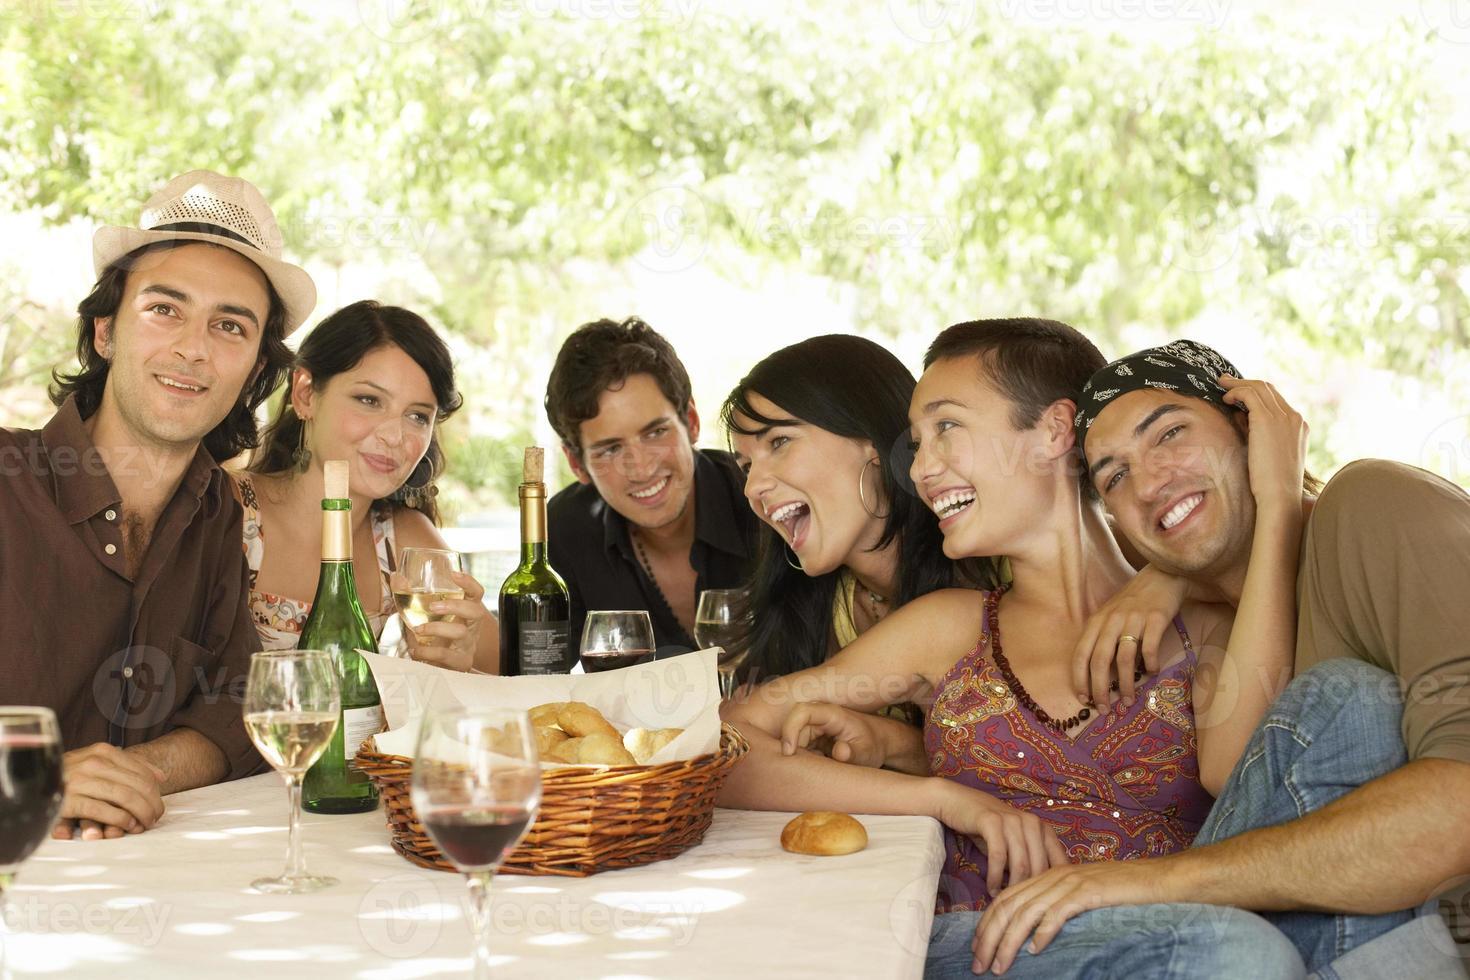 vrienden met drankjes en broodmand aan tafel genieten van partij foto
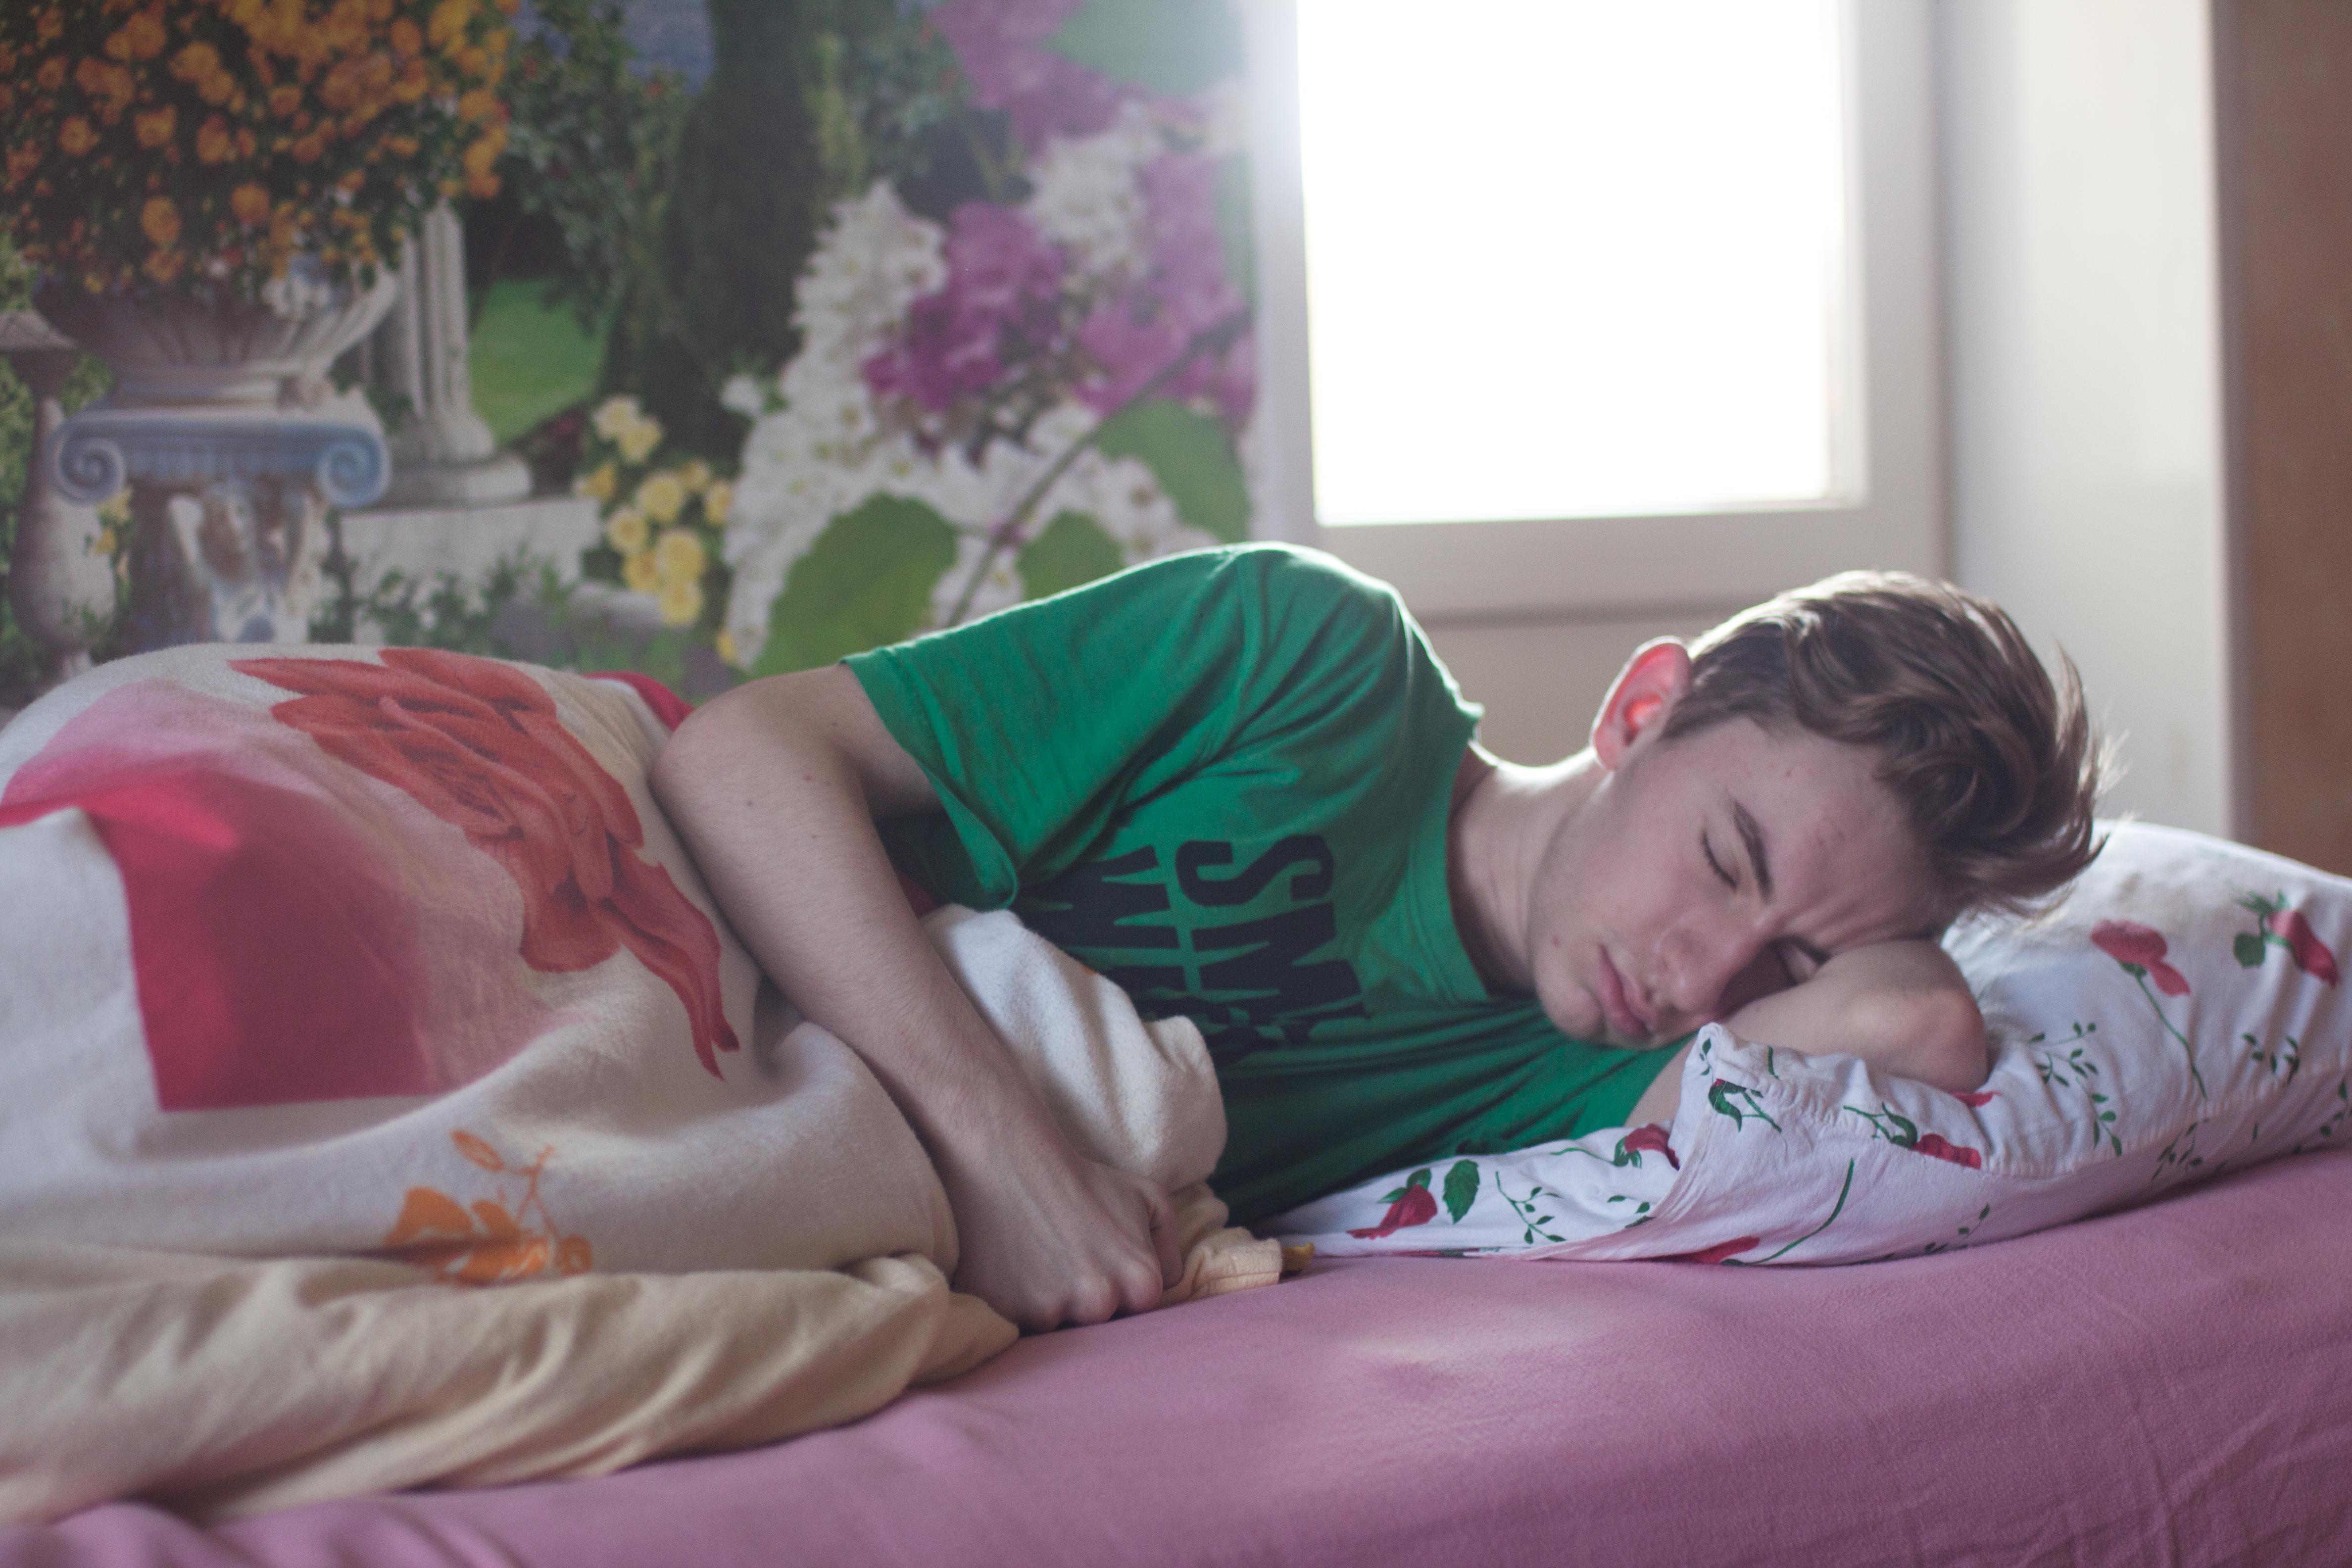 Boy lying sideways on a bed sleeping.
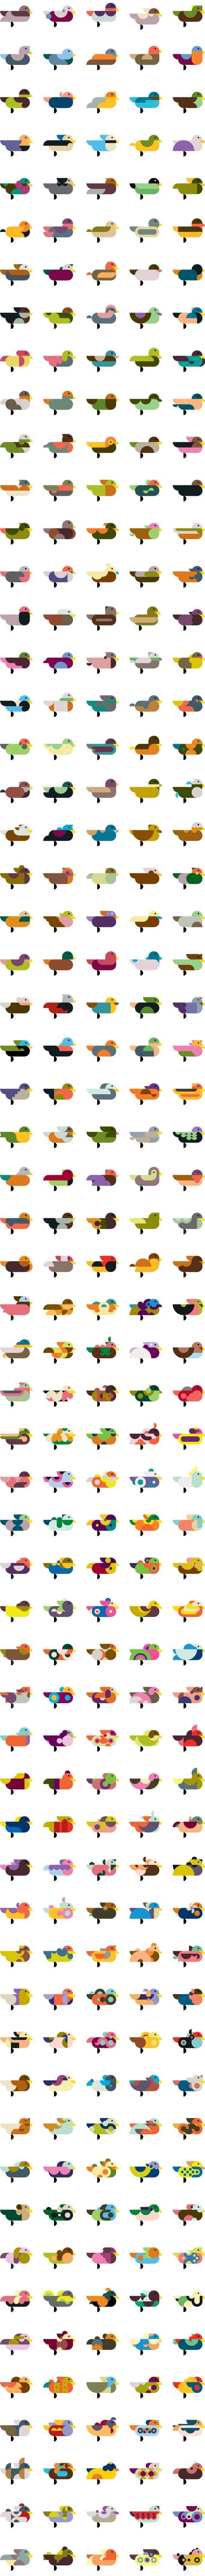 Muchos patos!!!!:

• _WHAT THE TASK REQUIRES_: From the line that contains "Boy lying sideways on a bed sleeping." to the end of the material above, output every line exactly, both ends included, but leave out any pictures.

• _ANSWER SECTION_:
 Boy lying sideways on a bed sleeping.
 Muchos patos!!!!:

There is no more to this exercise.